Overall, these acts represent vital reform to our neglected voting foundation. Principally, these bills assist disenfranchised Black Americans who have long suffered from inequality at the ballot box.
Despite historical moments overpowering racism — such as the 1965 Act, the U.S. has lacked political commitment to saving the freedom to vote. Without this needed commitment, Supreme Court decisions like Shelby v. Holder in 2013 — which held a section of the 1965 Act unconstitutional — deface the freedom to vote.
If lawmakers legitimately believe in democracy, they’ll safeguard the right to vote. However, if left unchecked, prejudiced motives will triumph American democracy. These suppressive acts restricting and complicating voting conclusively seek to dissuade compelling Black voters. Nevertheless, voting is a right independent of background, class and skin color.

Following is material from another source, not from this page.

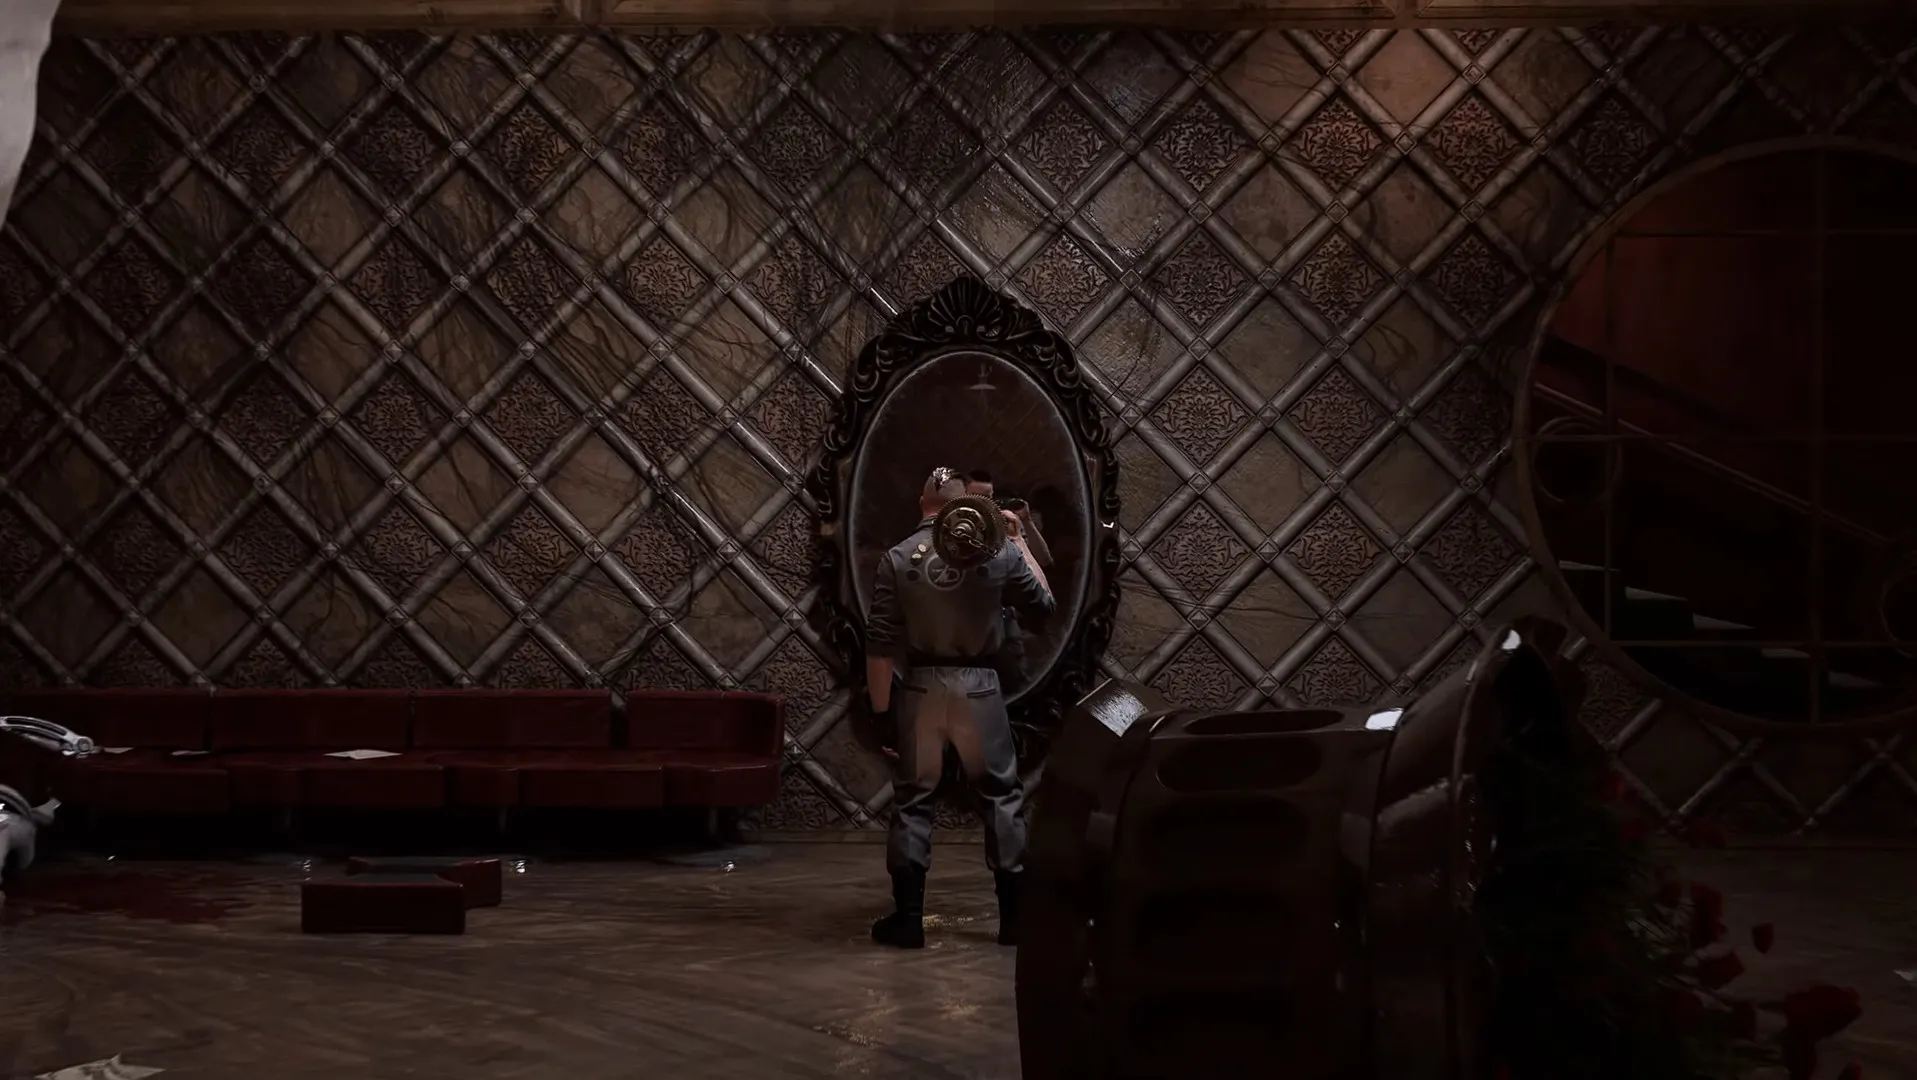 Inspirado em Bioshock, Atomic Heart lança trailer revelando seu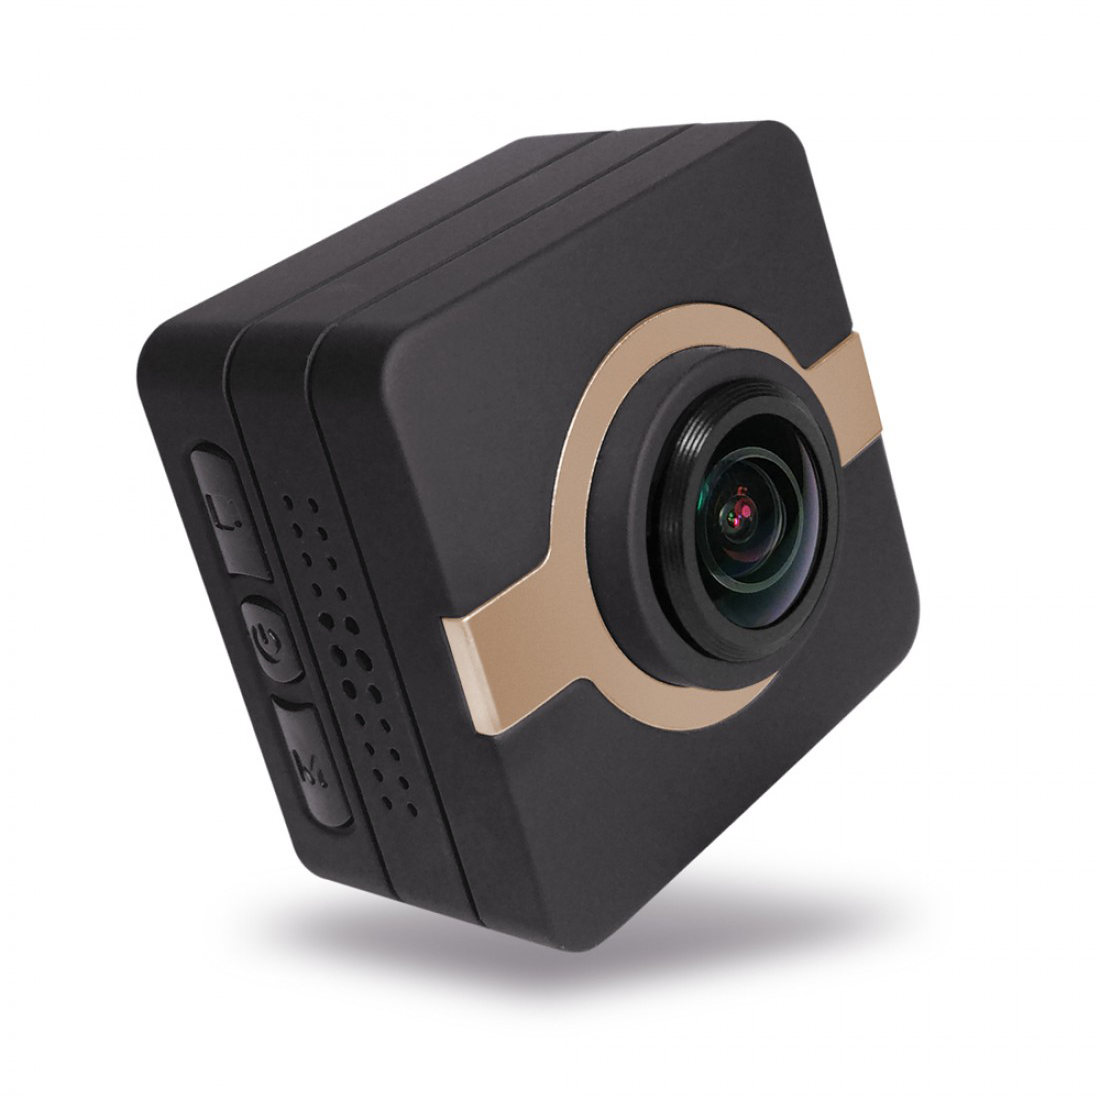 Matecam X1 Mini Eylem Kamera Araba Dashboard Kamera Kamera kaydedici 4K-HI Ultra HD Su Geçirmez DV Video Kamera 16MP 160 Derece Geniş Açı WIFI/G-Sensor/Gyro Stabilizasyon/Hareket Algılama/Uzaktan kumanda Mini DVR araba anahtarları mikro RC kam Bisiklet Kaskı Kam Kahverengi

In early January, Senator Raphael Warnock, who originates from the same Georgia church as Dr. Martin Luther King Jr., pressed his Senate colleagues to “find yourself on the right side of history, pushing to get these bills done.”
Correspondingly, these bills couldn’t find a better individual to be named after than fellow Georgian lawmaker and former Rep. John Lewis.
A civil rights hero who led the Selma march and was arrested about 40 times, Lewis’s career fighting for civil rights lives on in the aforementioned acts. Additionally, Lewis lives on in the prolonged fight for freedom and voting rights: an uphill battle since America’s inception.
Still, civil rights require more than one hero. Lawmakers will soon be given the decision to become new champions of voting rights or let democracy fade from America. Furthermore, the freedom to vote in the U.S. doesn’t exist until we all can arrive at the ballot box legally uninterrupted. For now, Congress must choose civil rights over civil suppression.